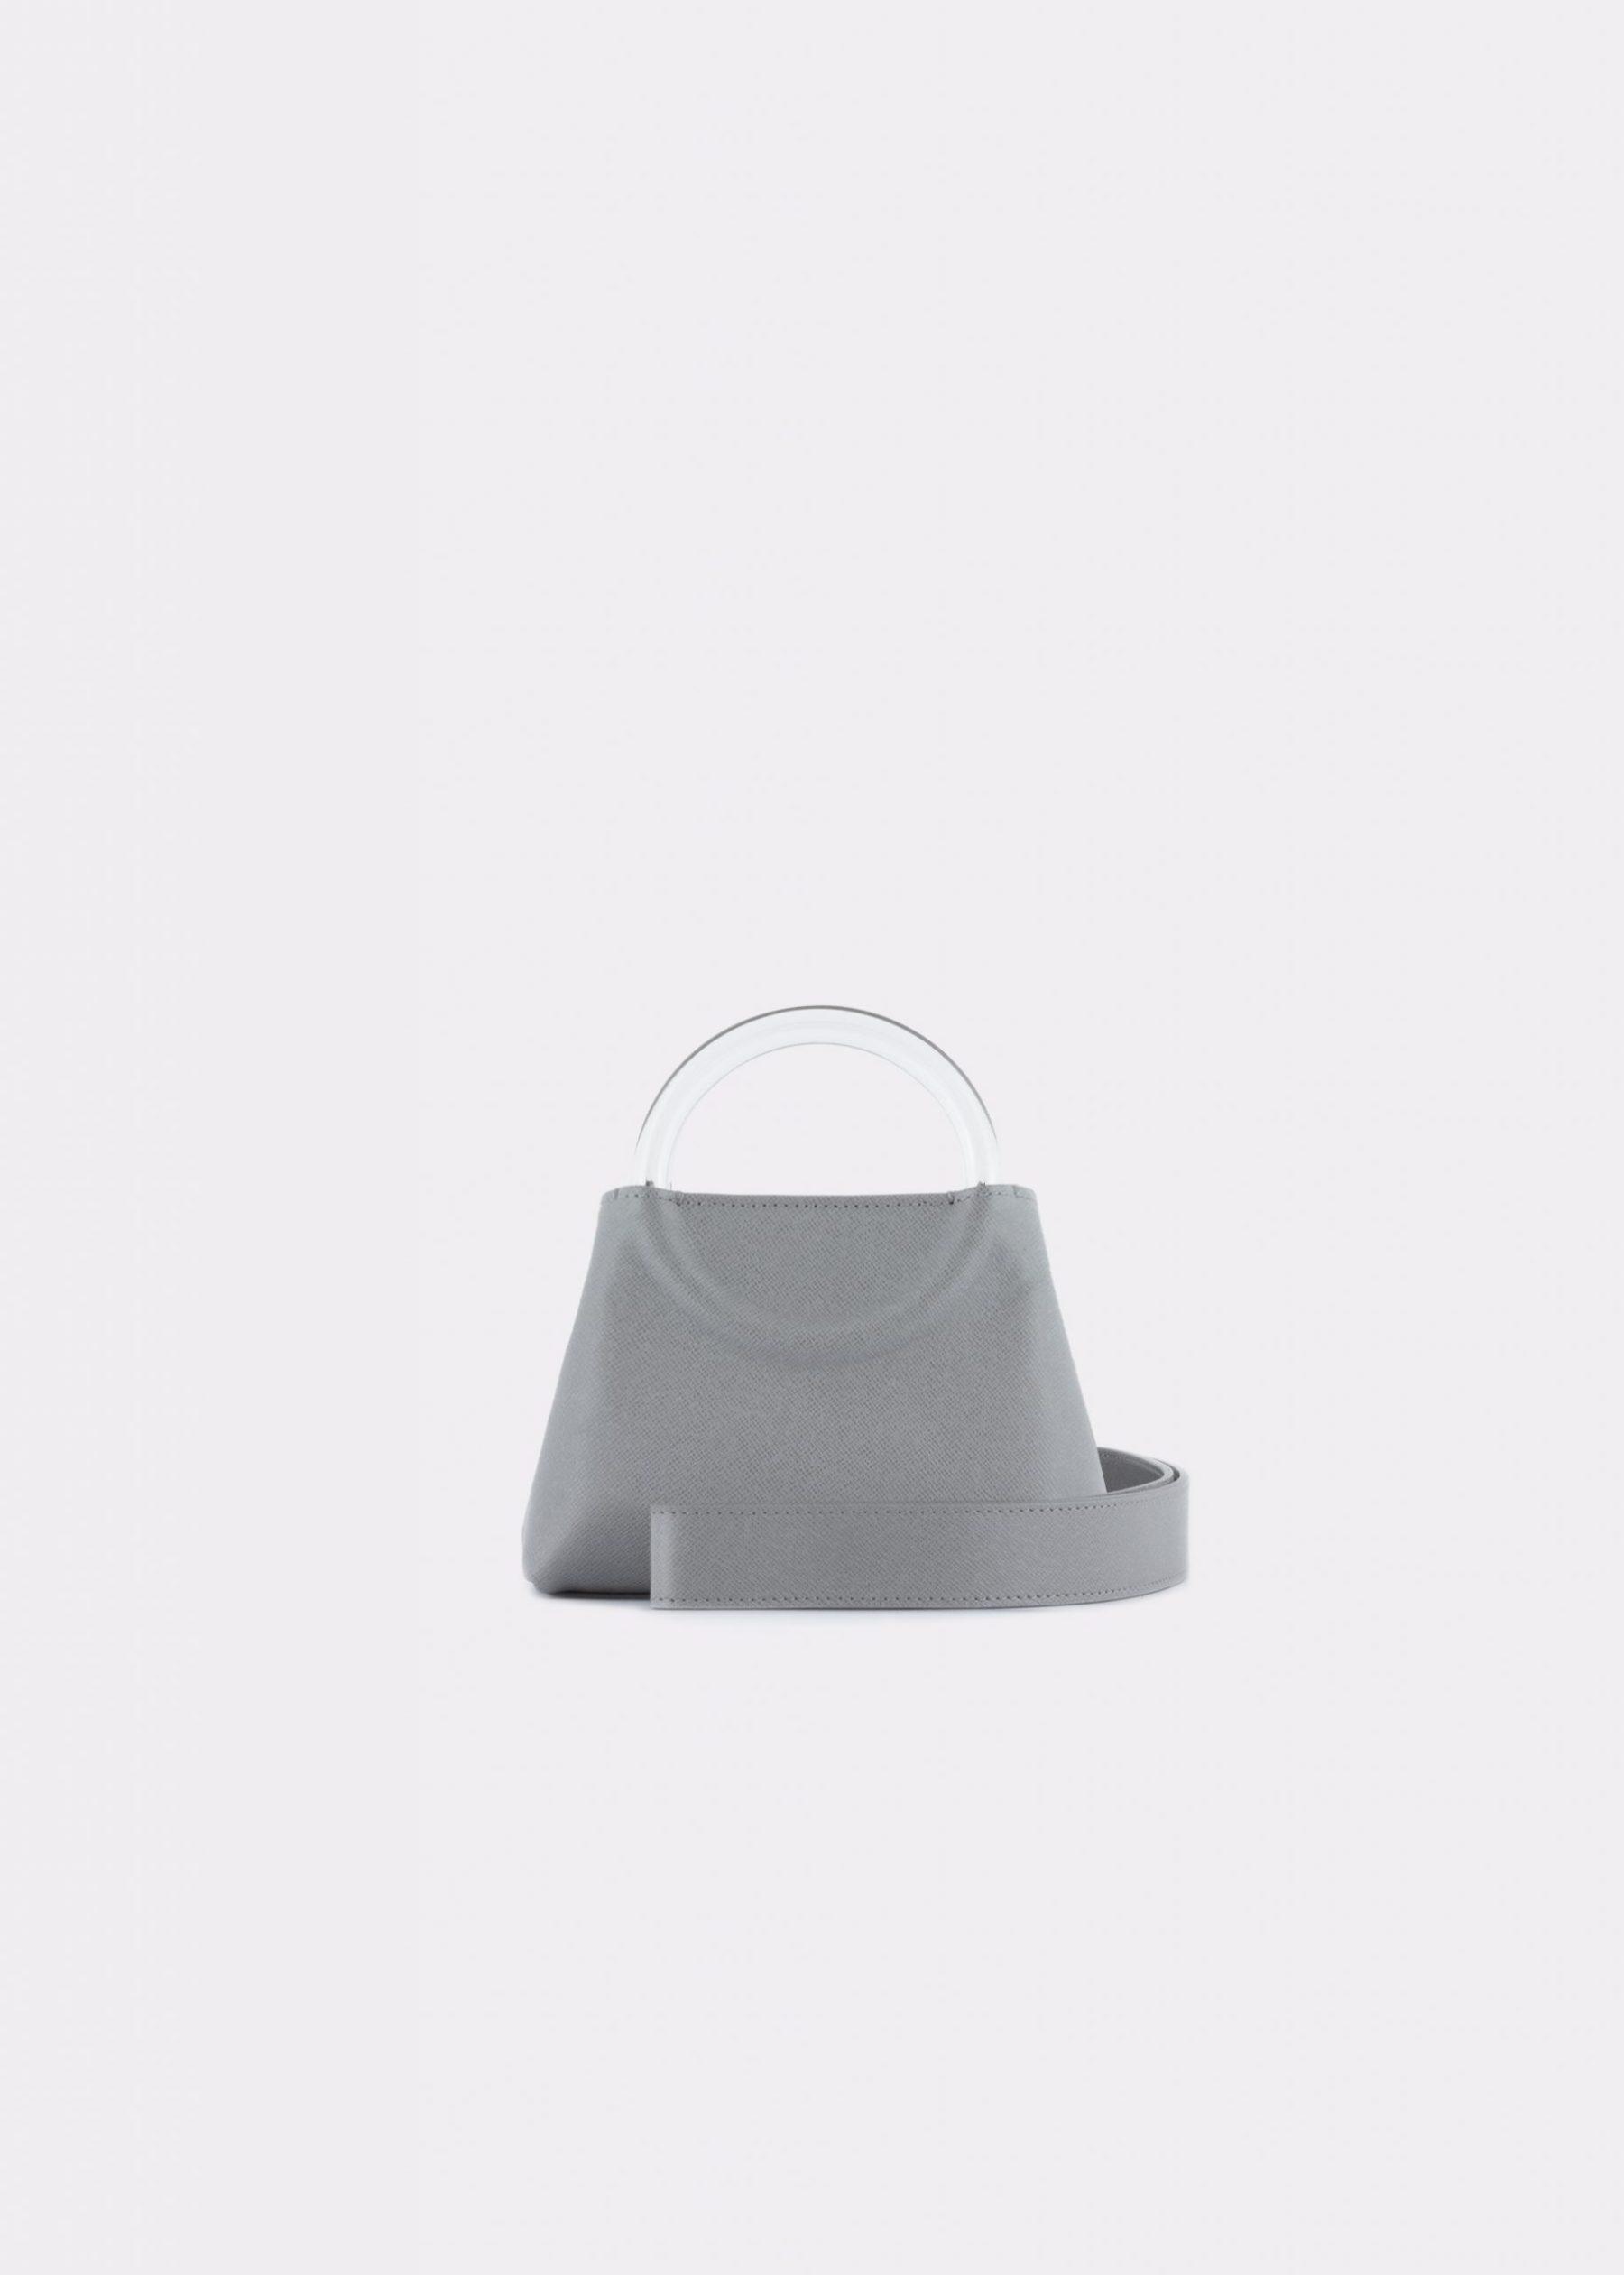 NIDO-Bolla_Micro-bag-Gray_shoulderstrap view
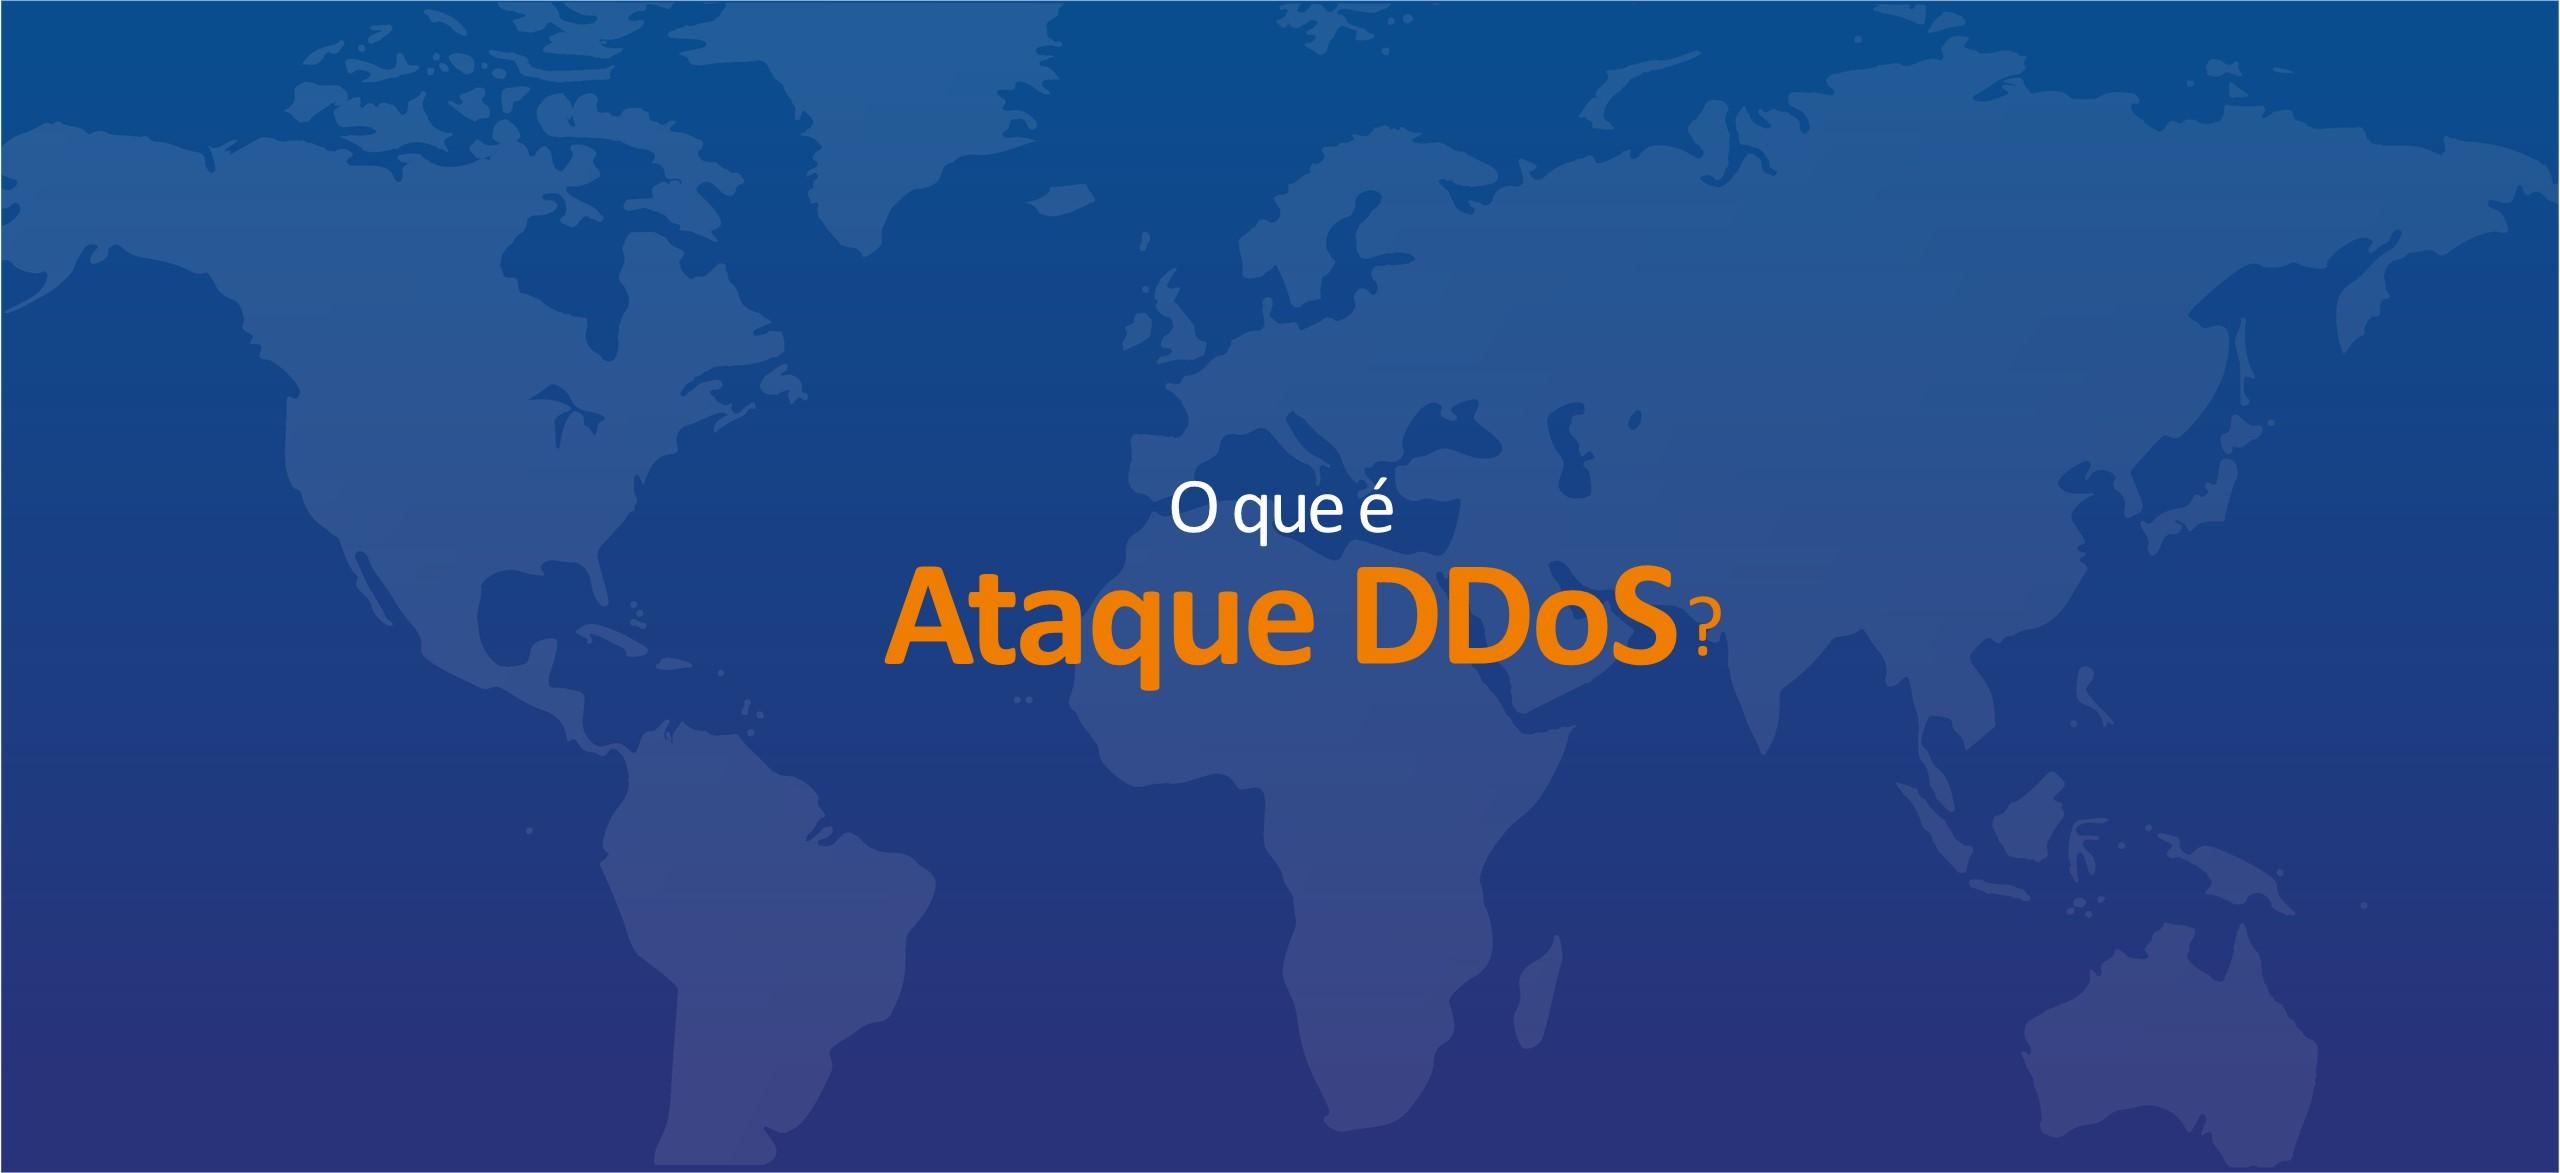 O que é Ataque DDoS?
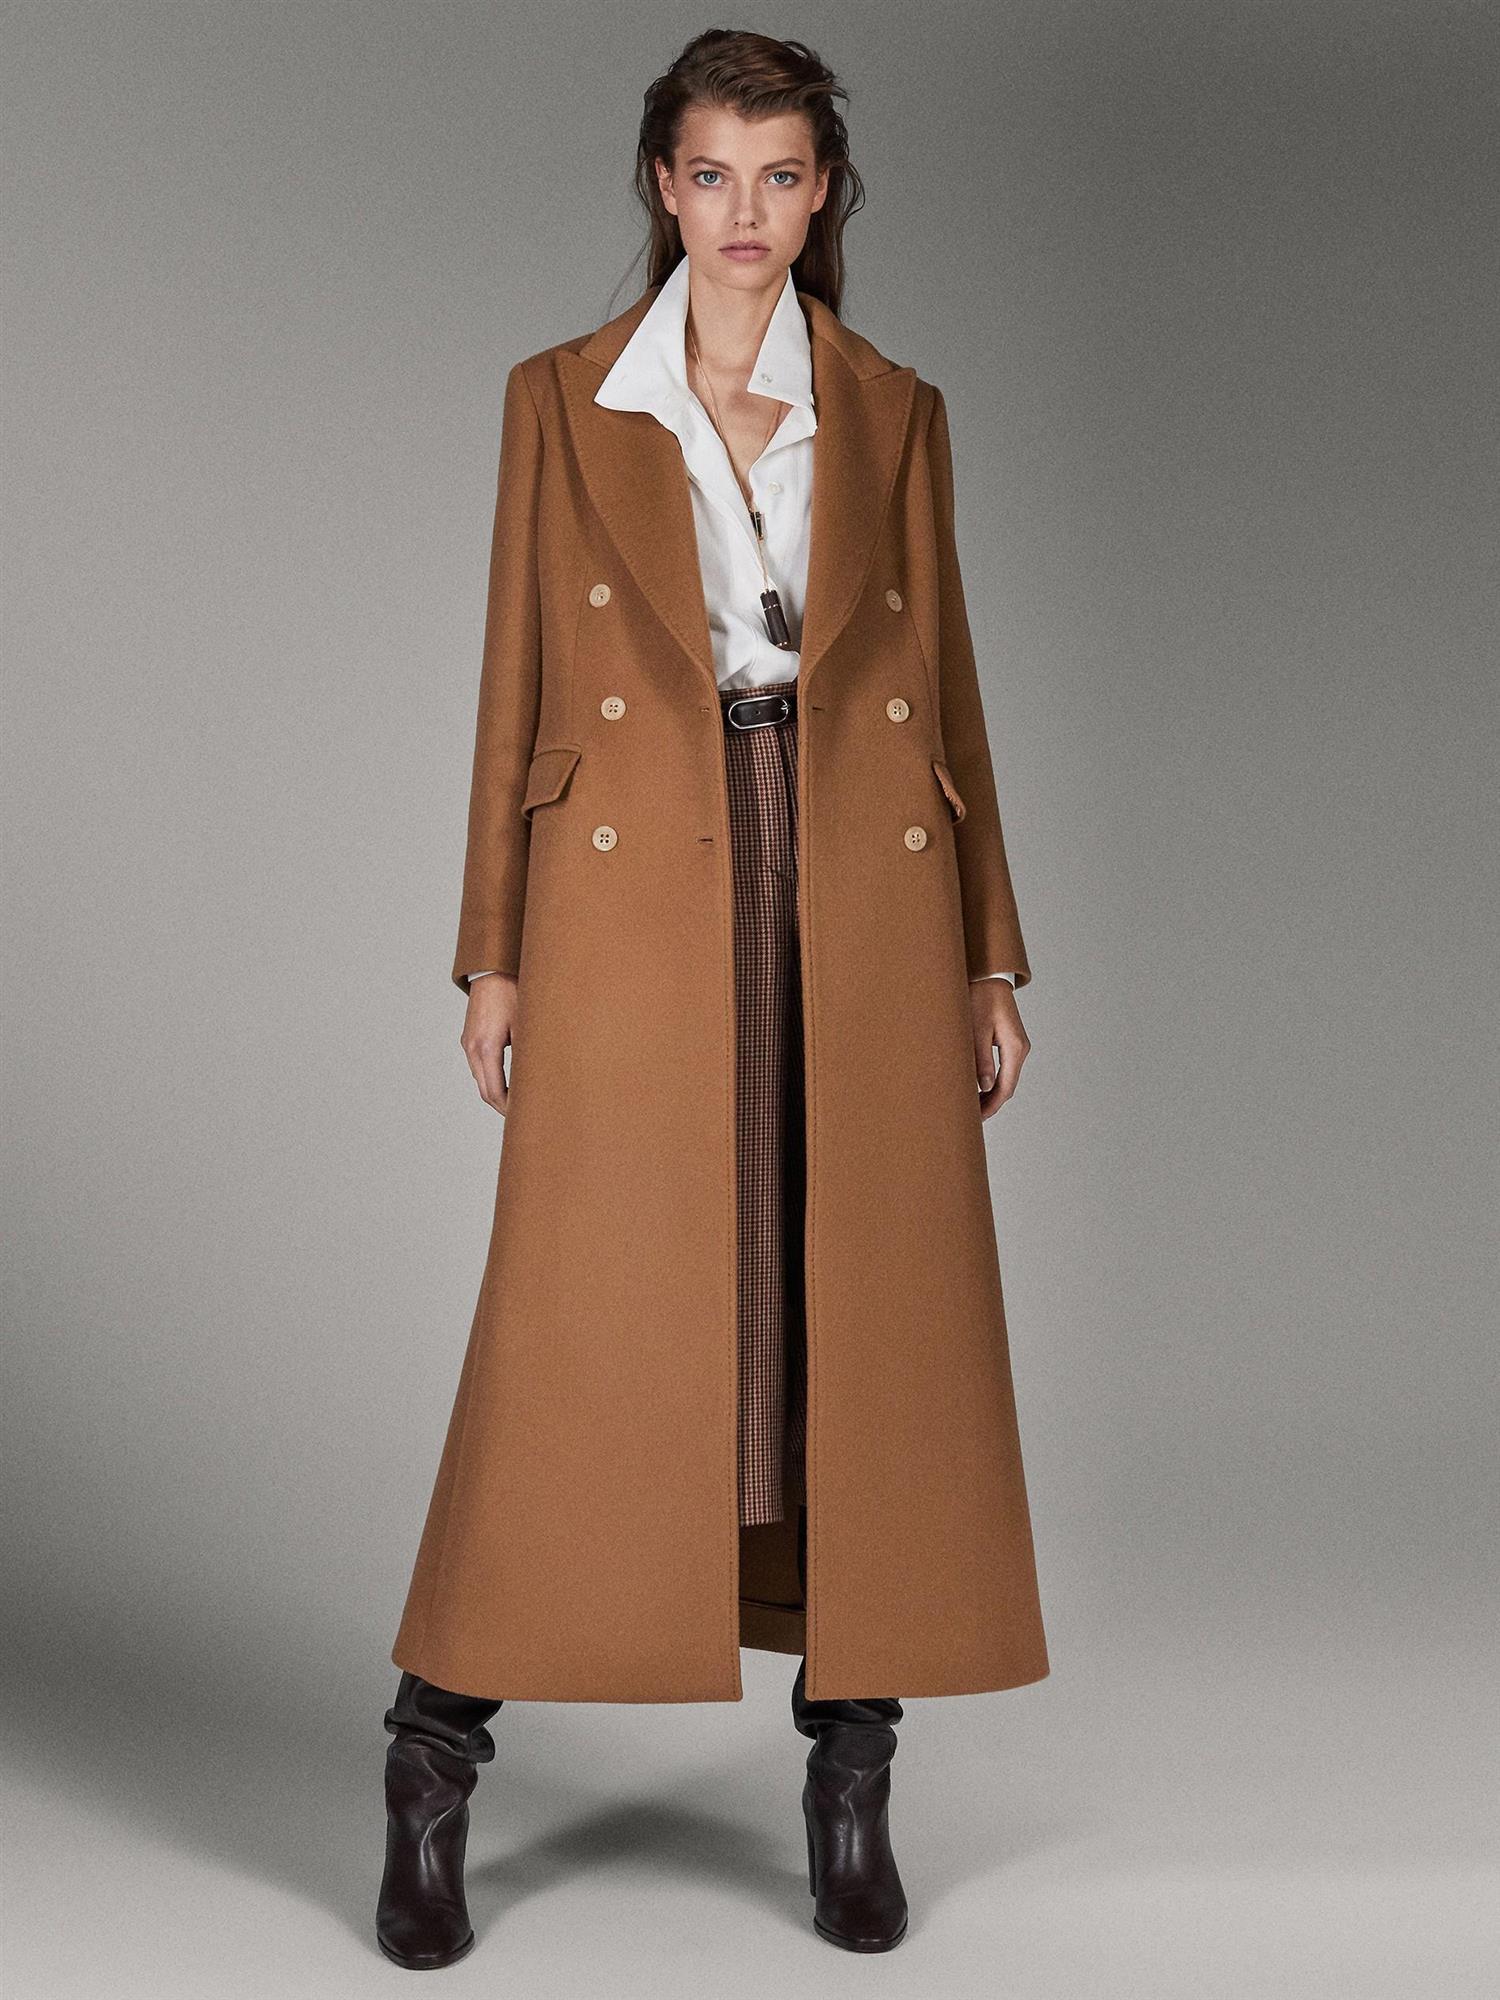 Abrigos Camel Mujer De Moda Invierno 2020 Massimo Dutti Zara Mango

□ □ □

Nothing but the text of the listing should be set down, exactly, with the pictures left behind.

§ Answer section
 NIDO-Bolla_Micro-bag-Gray_shoulderstrap view
 O que é Ataque DDoS?
 Abrigos Camel Mujer De Moda Invierno 2020 Massimo Dutti Zara Mango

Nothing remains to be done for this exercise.